To further investigate the reliability of the results obtained in the search stage, the G-test method is adopted to screen out the SNP combinations that differ significantly between case and control samples \(\left(P{\mathrm{value}}<{\mathrm{max}}\left({10}^{-8},0.05/{C}_{N}^{k}\right)\right)\), and MDR is then used to verify the classification accuracy of the SNP combinations selected by the G-test [59]. The false discovery rate (FDR) and F1-score are employed to further evaluate the reliability of the results.

(4) The FDR is defined as:

$$\frac{FP}{FP+TP},$$

where \(FP\) and \(TP\) represent the false-positive rate and true-positive rate, respectively.

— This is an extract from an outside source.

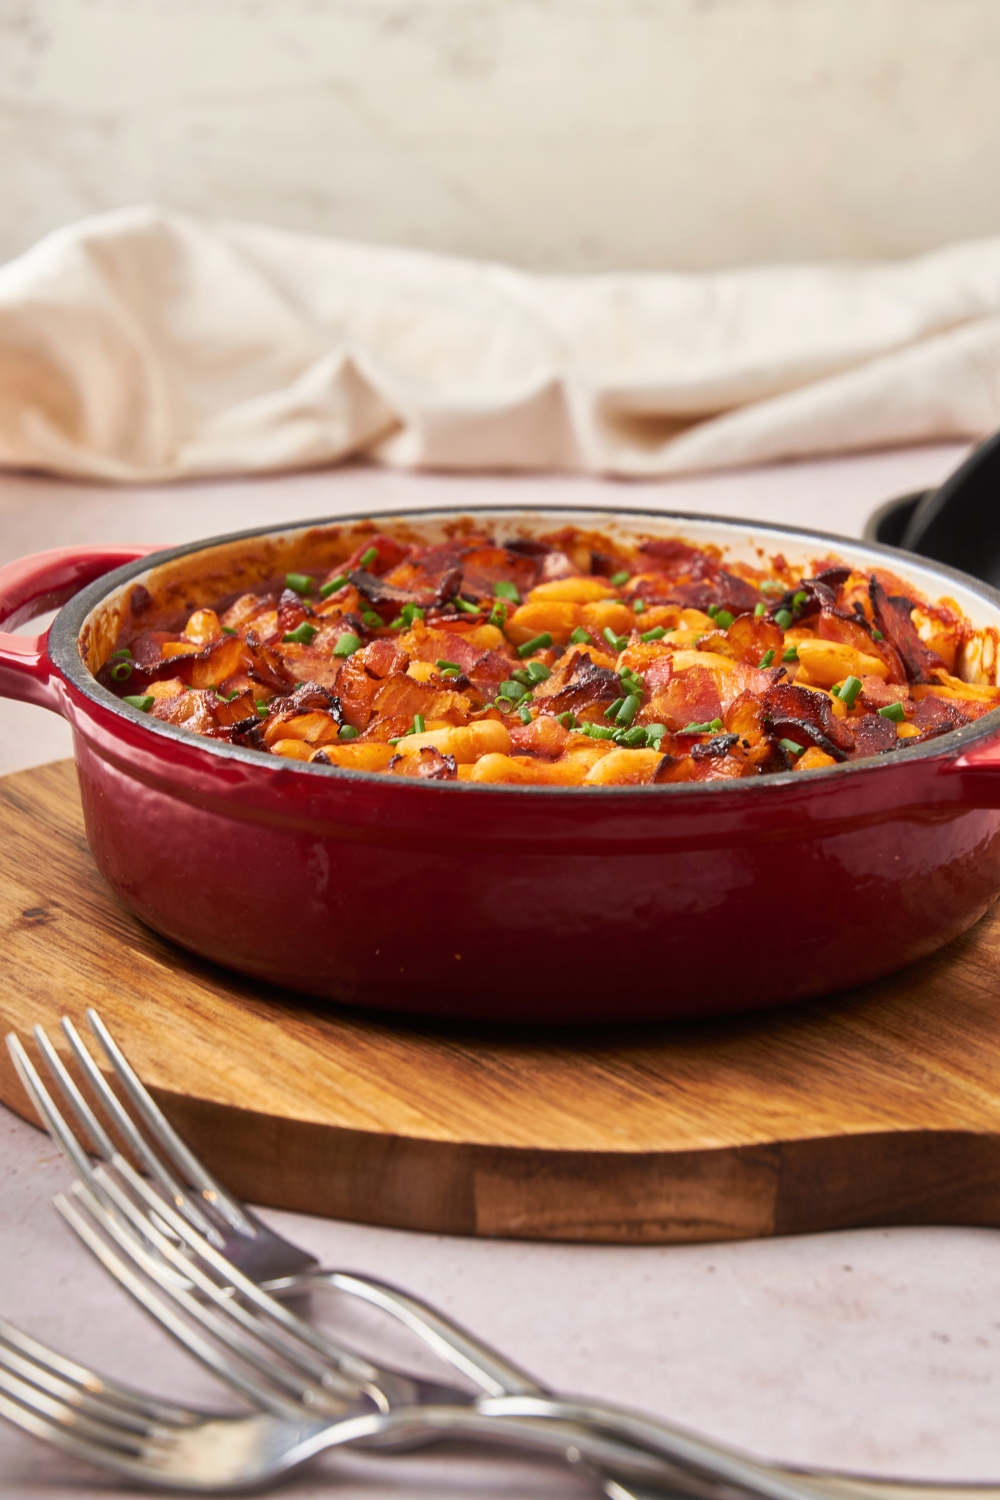 A round baking dish that is filled with baked bean casserole.

(5) The F1-score can be expressed as follows:

$$\mathrm{recall}=\frac{TP}{TP+FN},$$
$$\mathrm{precision}=\frac{TP}{TP+FP},$$
$$F1-\mathrm{score}=\frac{2\times \mathrm{recall}\times \mathrm{precision}}{\mathrm{recall}+\mathrm{precision}}.$$

Datasets

(1) EINME datasets. Eight EINMEs were employed to test the capability of detecting high-order epistatic interactions with no marginal effect. For each EINME, 1500 control samples and 1500 case samples for the functional SNPs were generated using a multiobjective optimization algorithm that aims to maximize the joint effects of k-SNPs, minimize the marginal effects of individual SNPs and limit Hardy–Weinberg equilibrium (HWE) constraints [60]. The samples of nonfunctional SNPs were randomly generated according to HWE. To investigate the performance of the proposed algorithm, simulation datasets with 100 SNPs, 1 k SNPs and 10 k SNPs were generated for each EINME. The eight EINMEs are described in Table S1 of Supplementary file 1.

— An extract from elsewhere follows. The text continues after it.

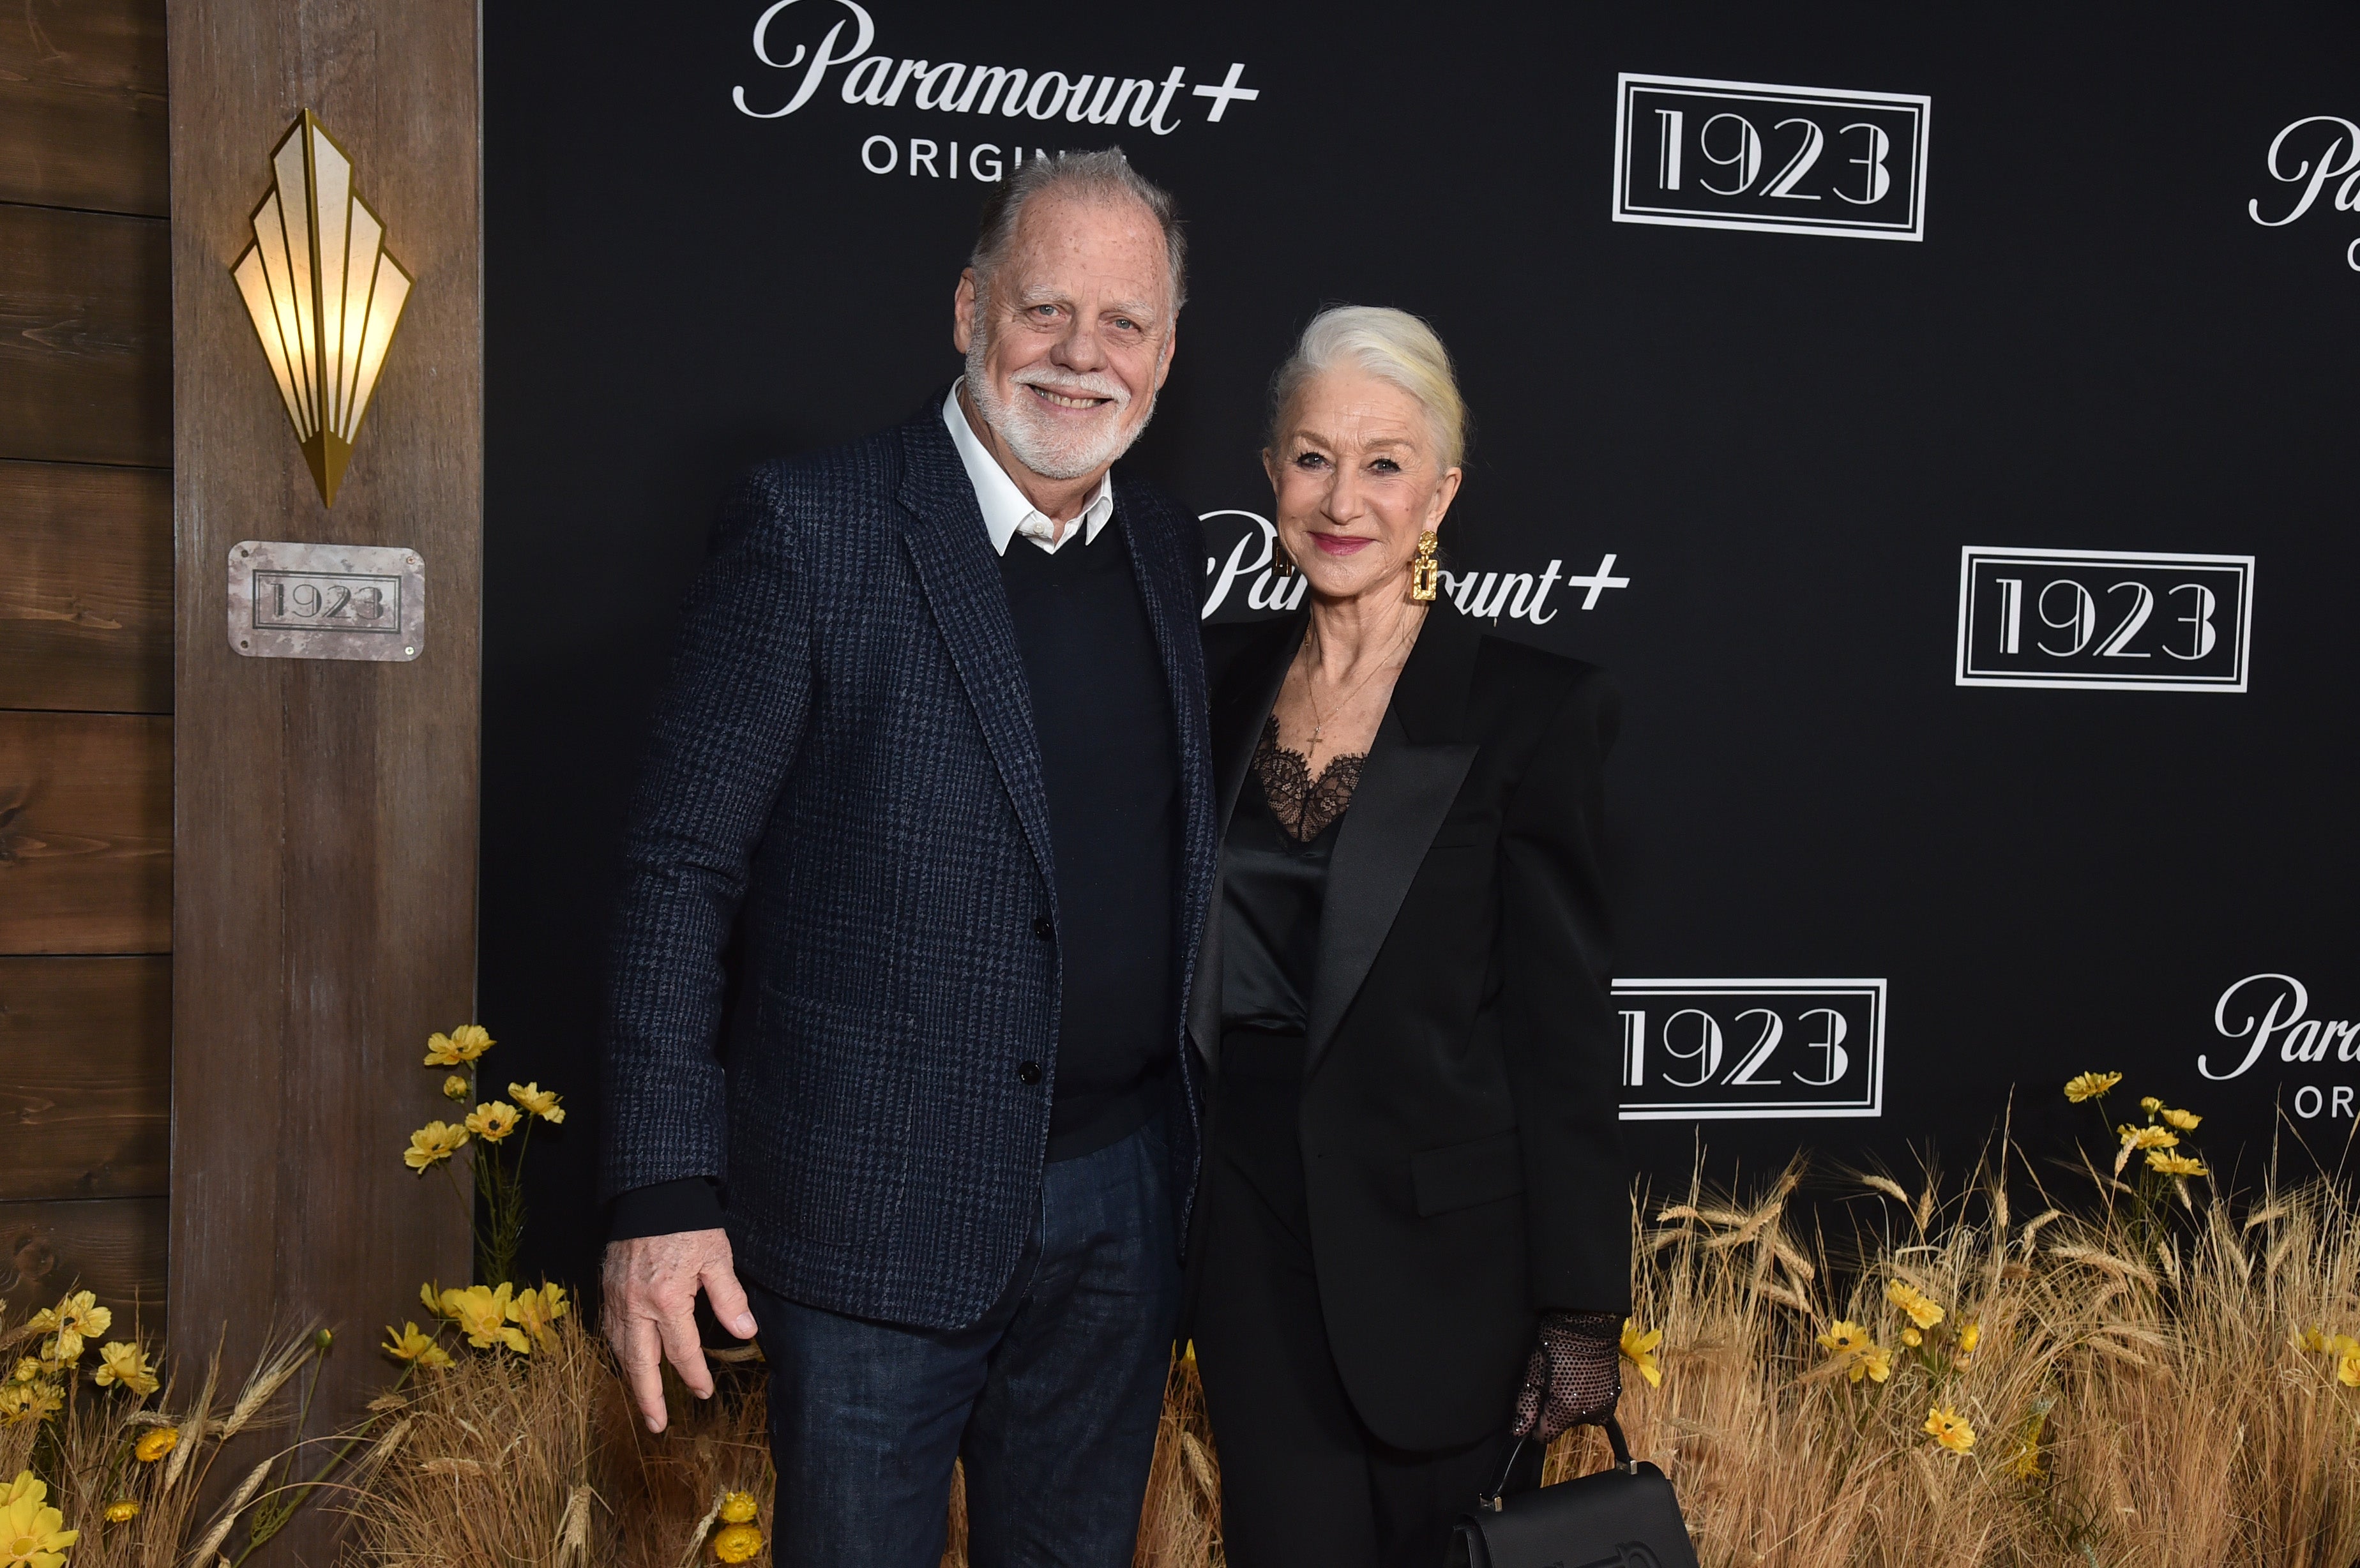 Taylor Hackford and Helen Mirren attends the "1923" LA Premiere Screening & After Party on December 02, 2022

(2) EIME datasets. Four 5th-order additive EIMEs, four 5th-order threshold EIMEs and four 4th-order multiplicative EIMEs [61] were employed to test the performance of detecting epistatic interactions with marginal effects. For each model, 100 datasets with 2000 control samples and 2000 case samples that had 100 SNPs, 1000 SNPs and 10 k SNPs were separately generated using GAMETES software [62]. The parameters of the 12 EIMEs are listed in Table S2 of Supplementary file 1.

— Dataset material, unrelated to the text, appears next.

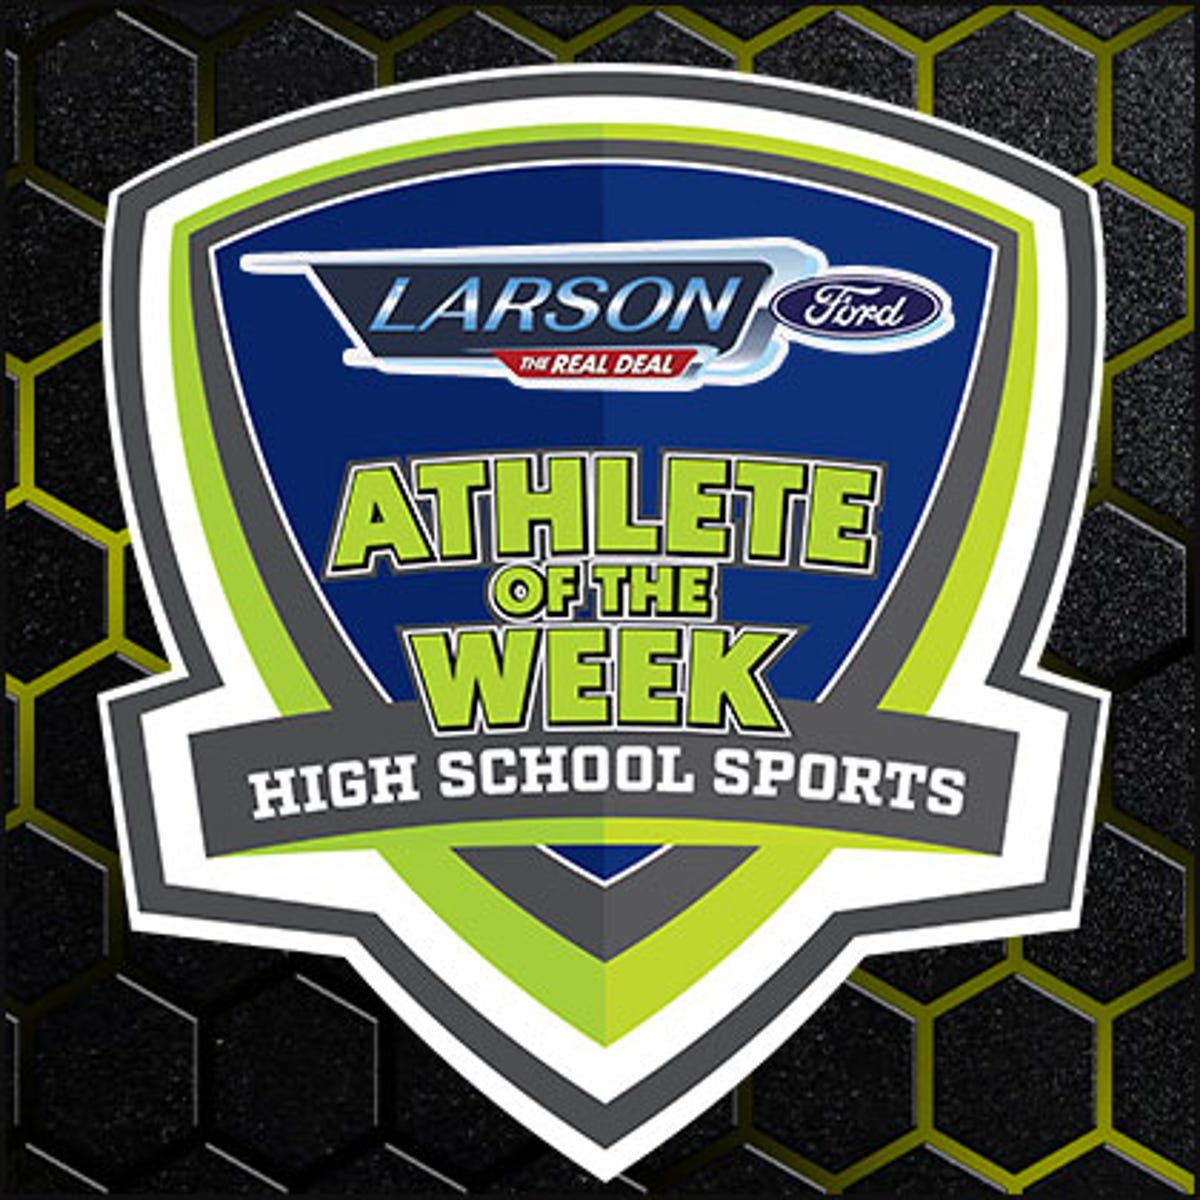 Vote for the Larson Ford Shore Baseball Player of the Week for Week 6

(3) AMD dataset. The AMD dataset contains 103,611 SNPs genotyped for 50 controls and 96 cases [63]. This experiment aims to detect 2nd-order, 3rd-order, 4th-order and 5th-order SNP epistatic interactions from the 103,611 SNPs for AMD. We conducted two experiments for AMD:

  1. A.

    All 103,611 SNPs were detected to identify epistatic interactions.

  2. B.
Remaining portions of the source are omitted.